▸ **Task statement**: Leave the pictures behind and reproduce every line of the listing exactly.

▸ **Given information**:
----------

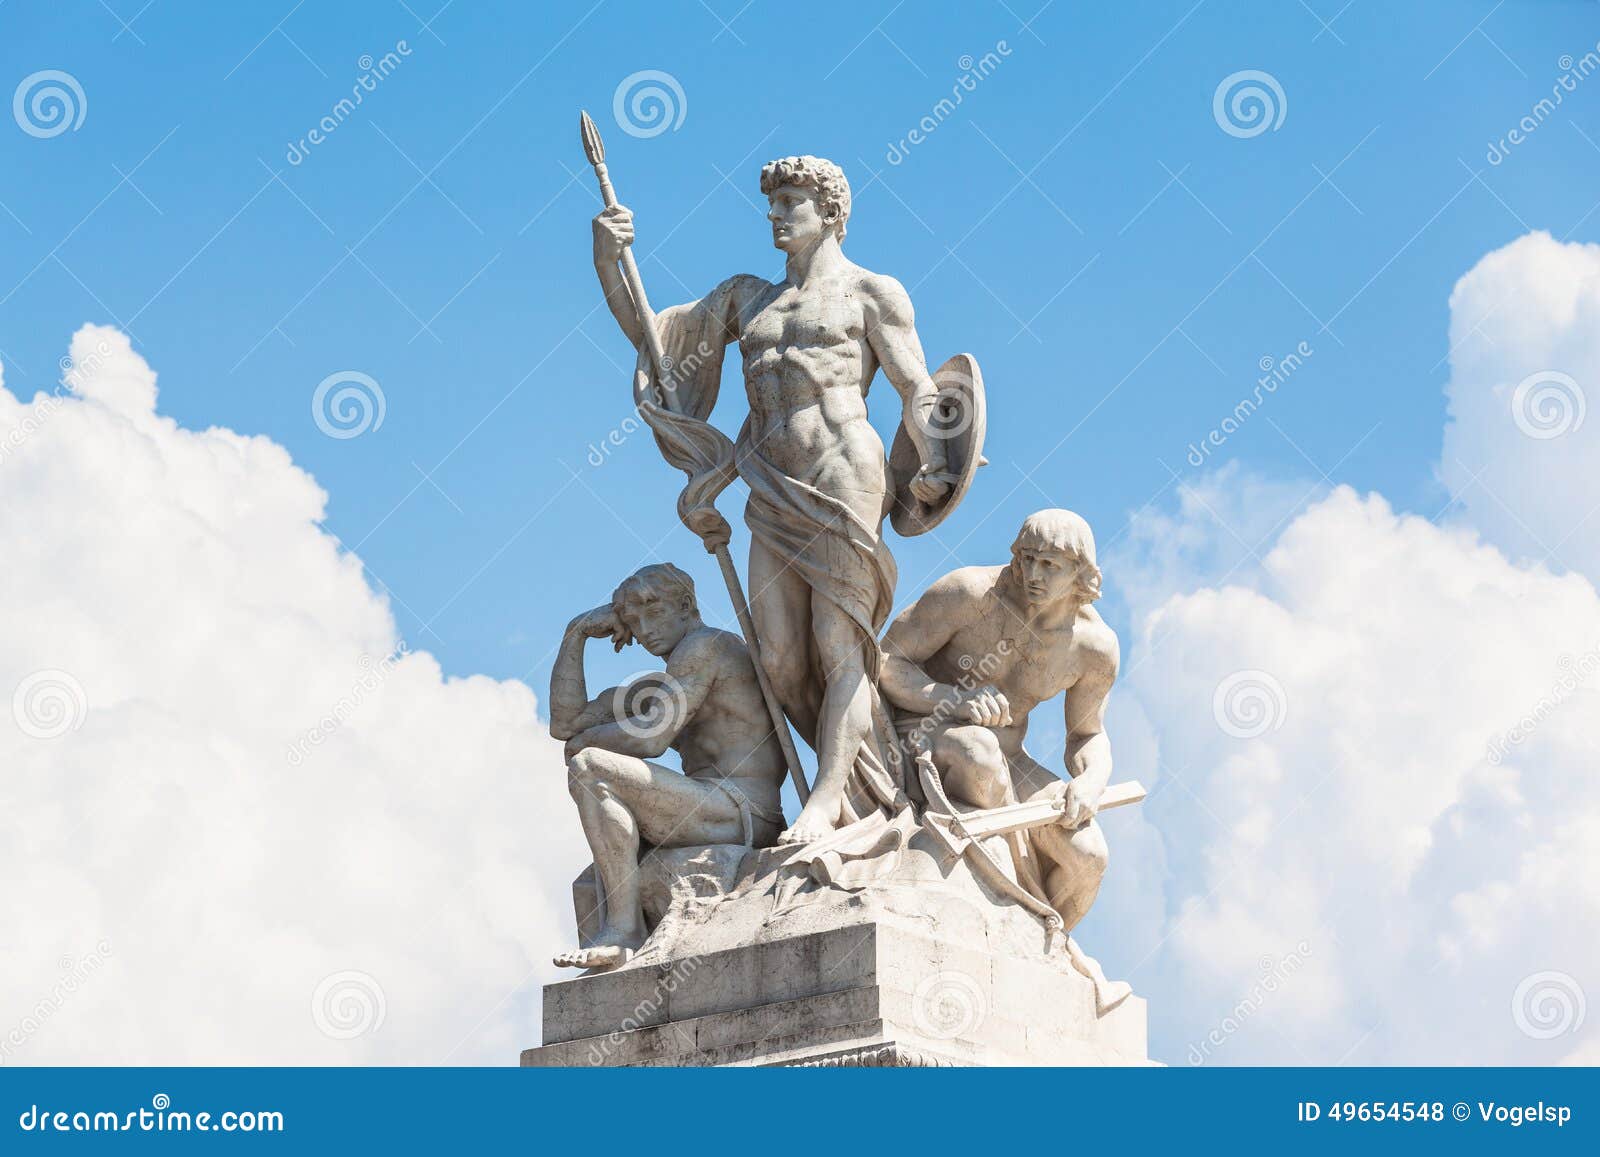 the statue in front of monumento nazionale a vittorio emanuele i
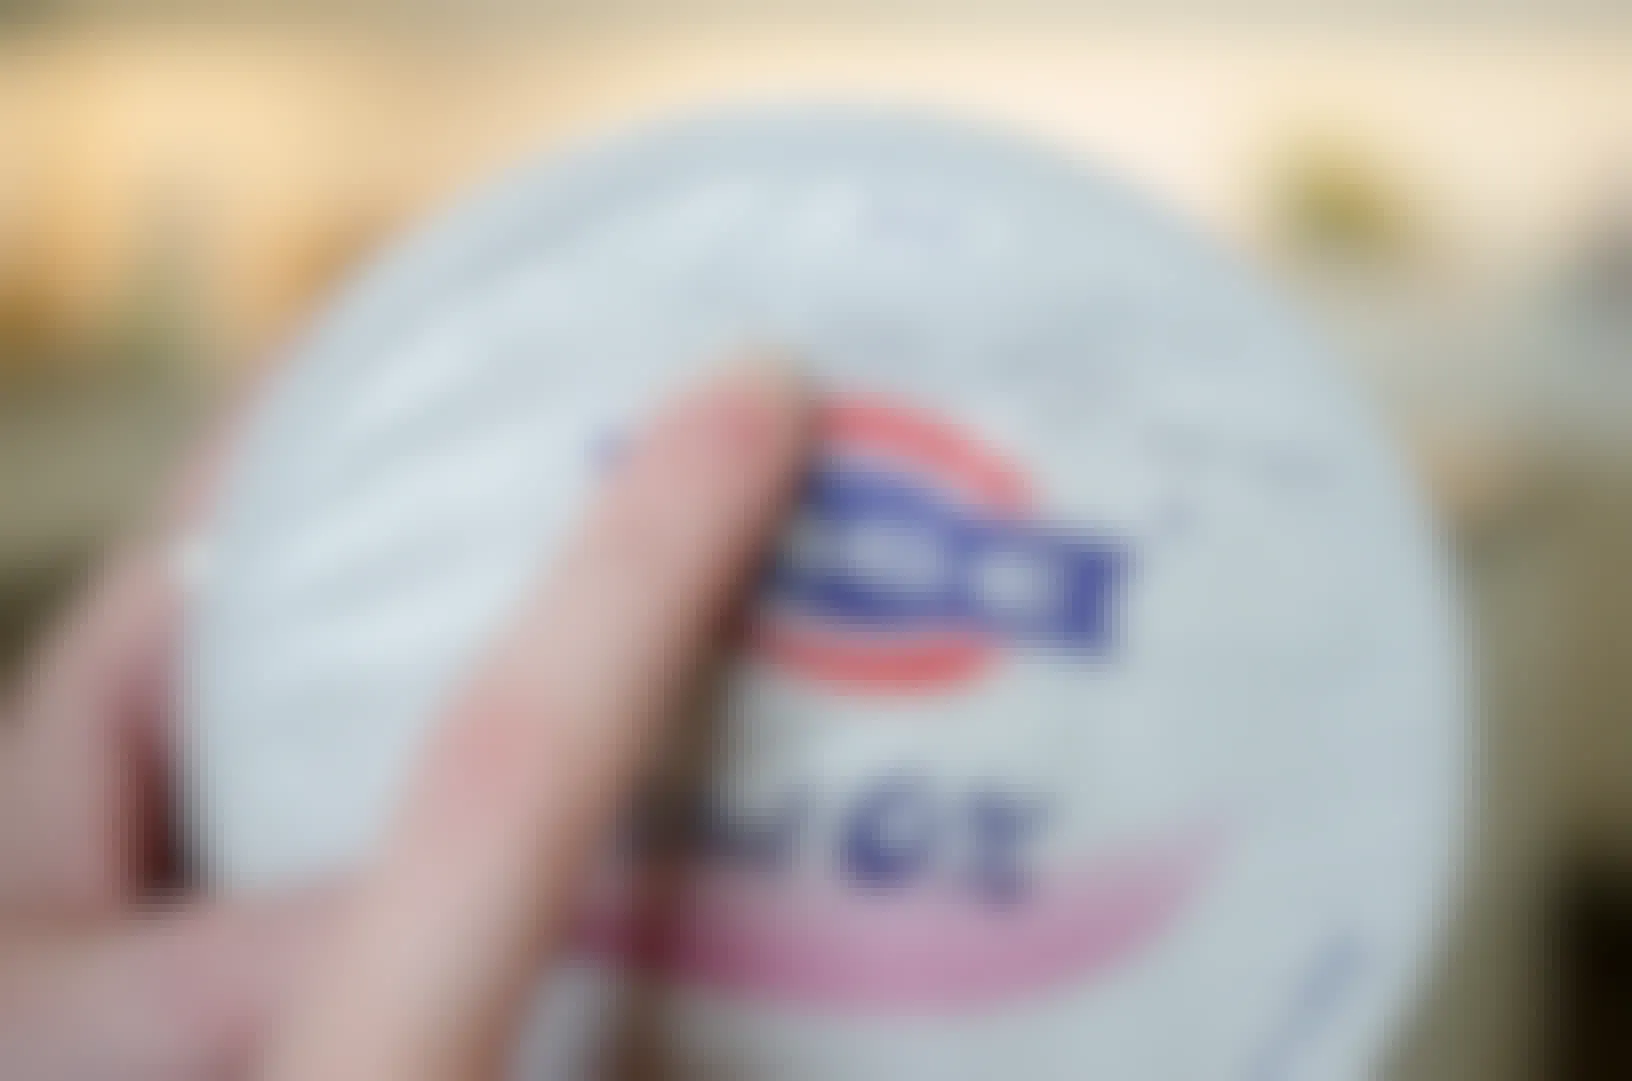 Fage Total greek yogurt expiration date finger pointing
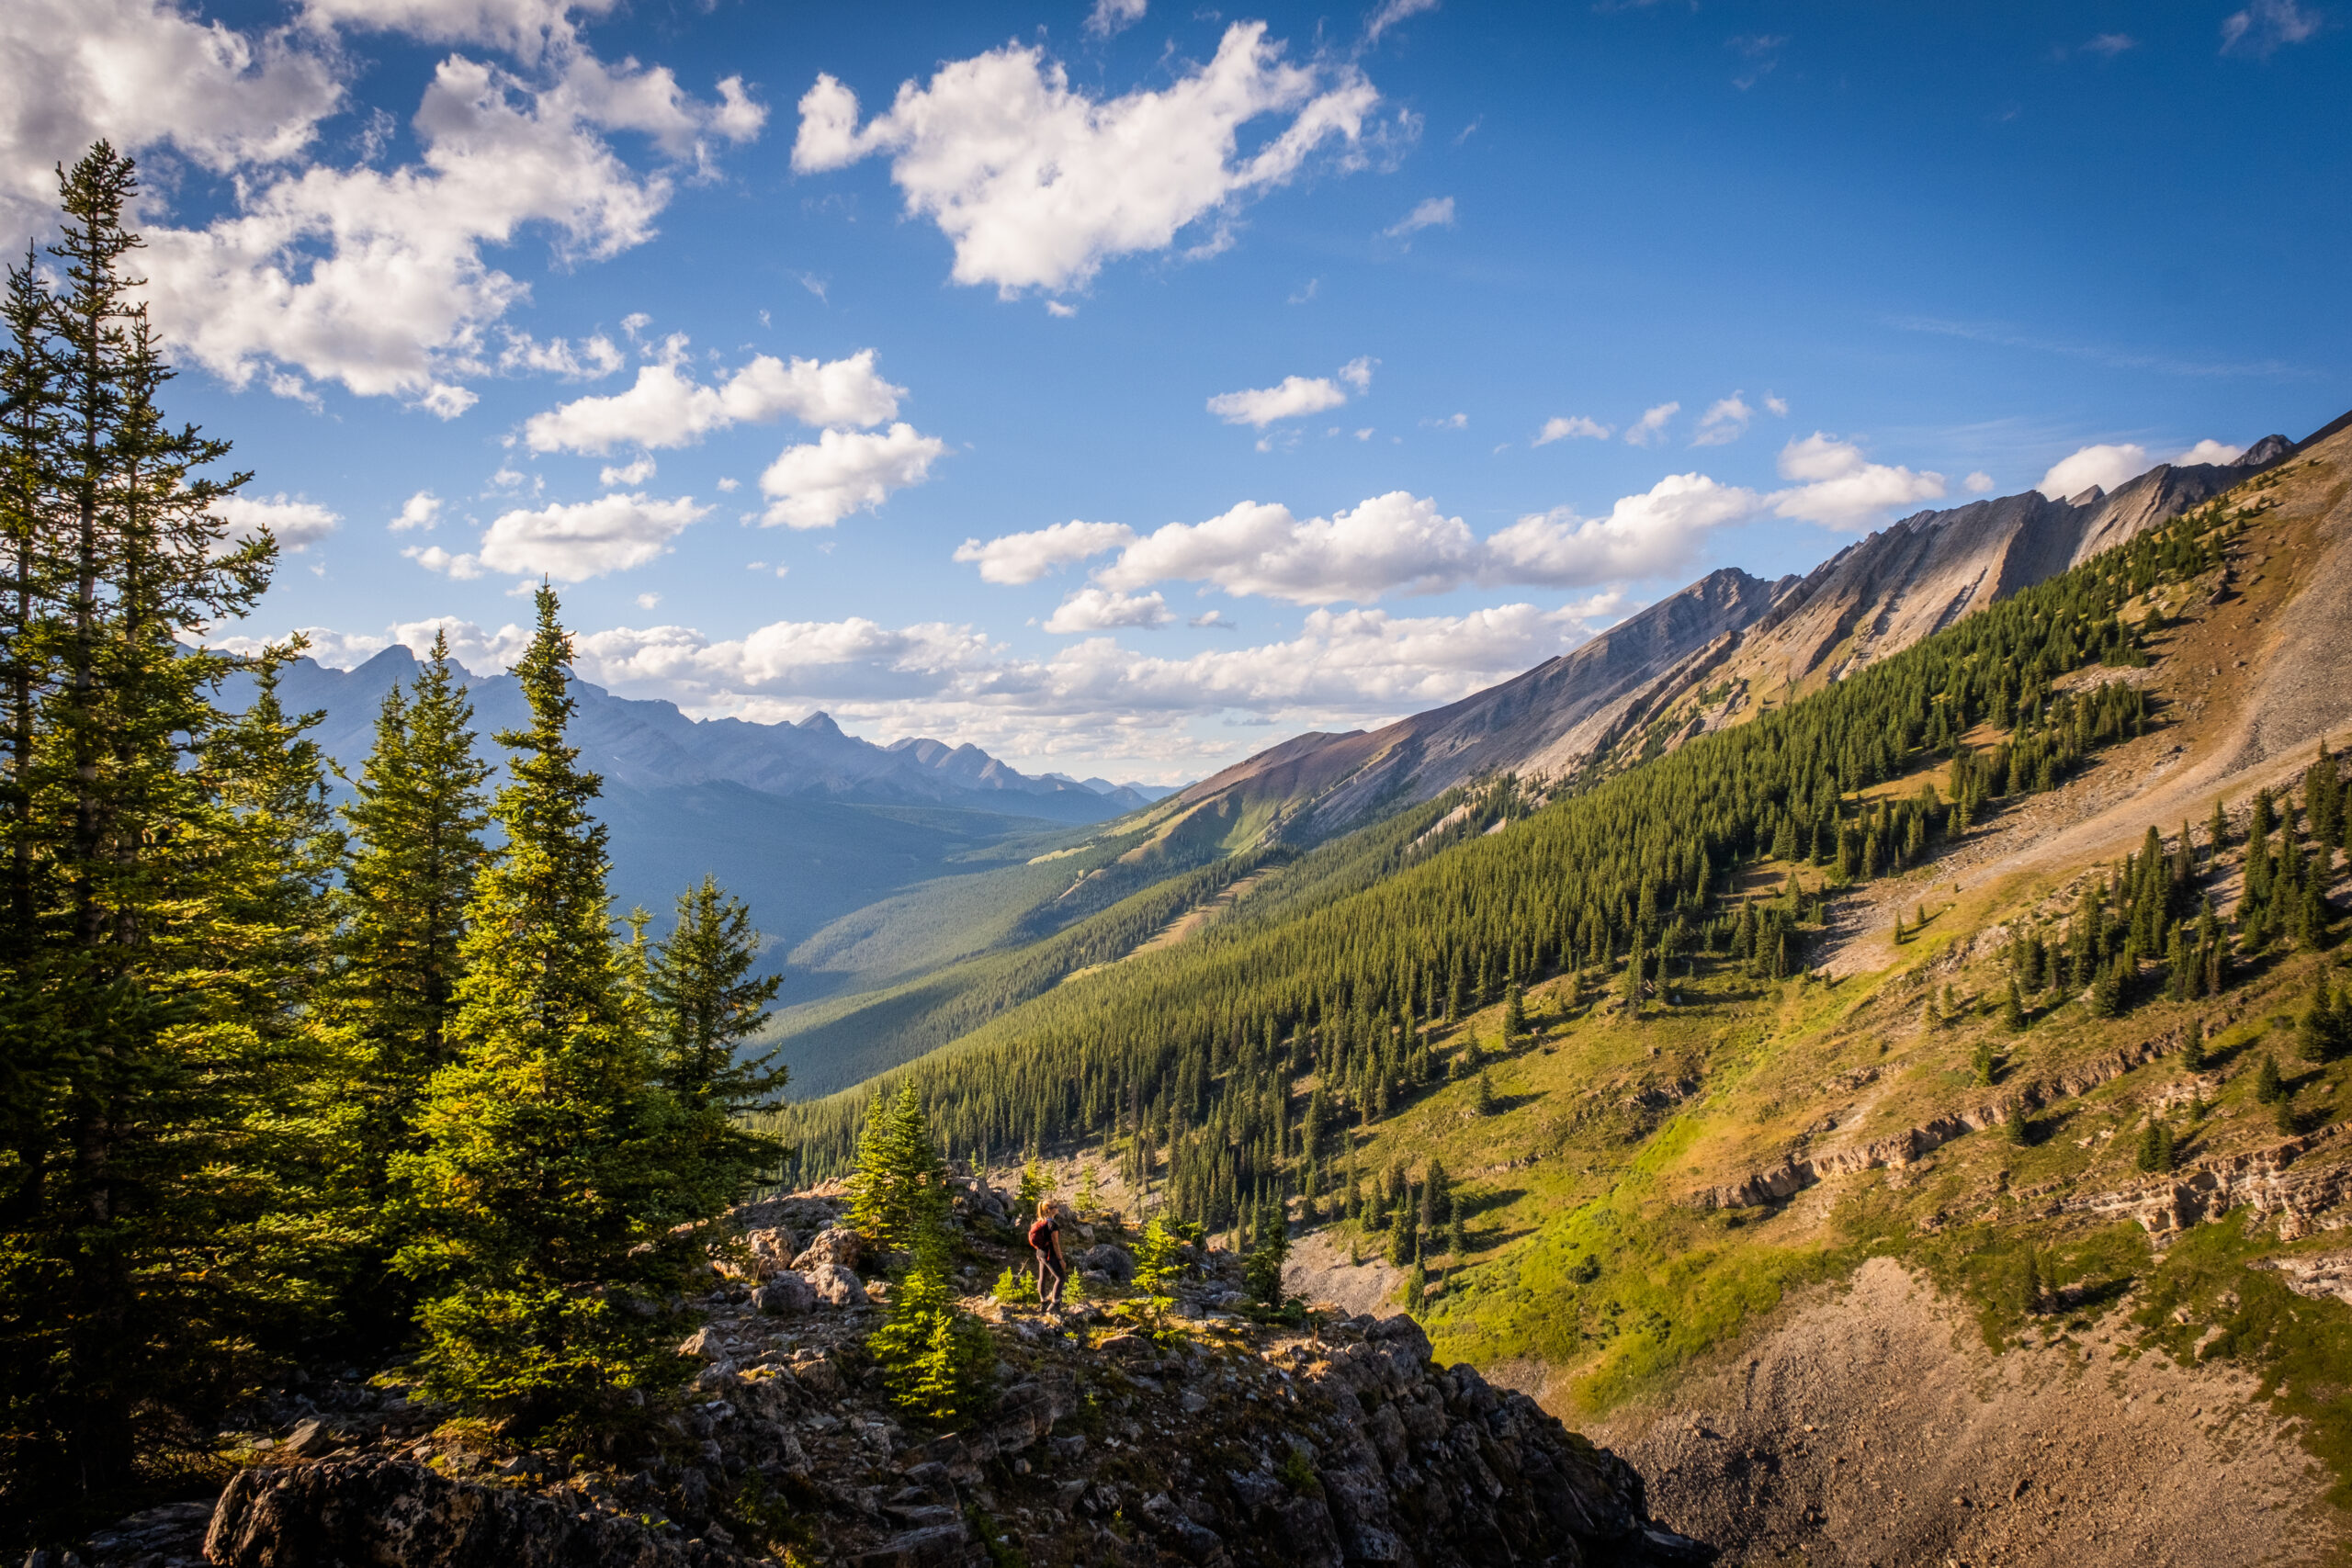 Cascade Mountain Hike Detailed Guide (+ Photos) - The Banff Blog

----------

▸ **Exercise response**:
 the statue in front of monumento nazionale a vittorio emanuele i
 Fage Total greek yogurt expiration date finger pointing
 Cascade Mountain Hike Detailed Guide (+ Photos) - The Banff Blog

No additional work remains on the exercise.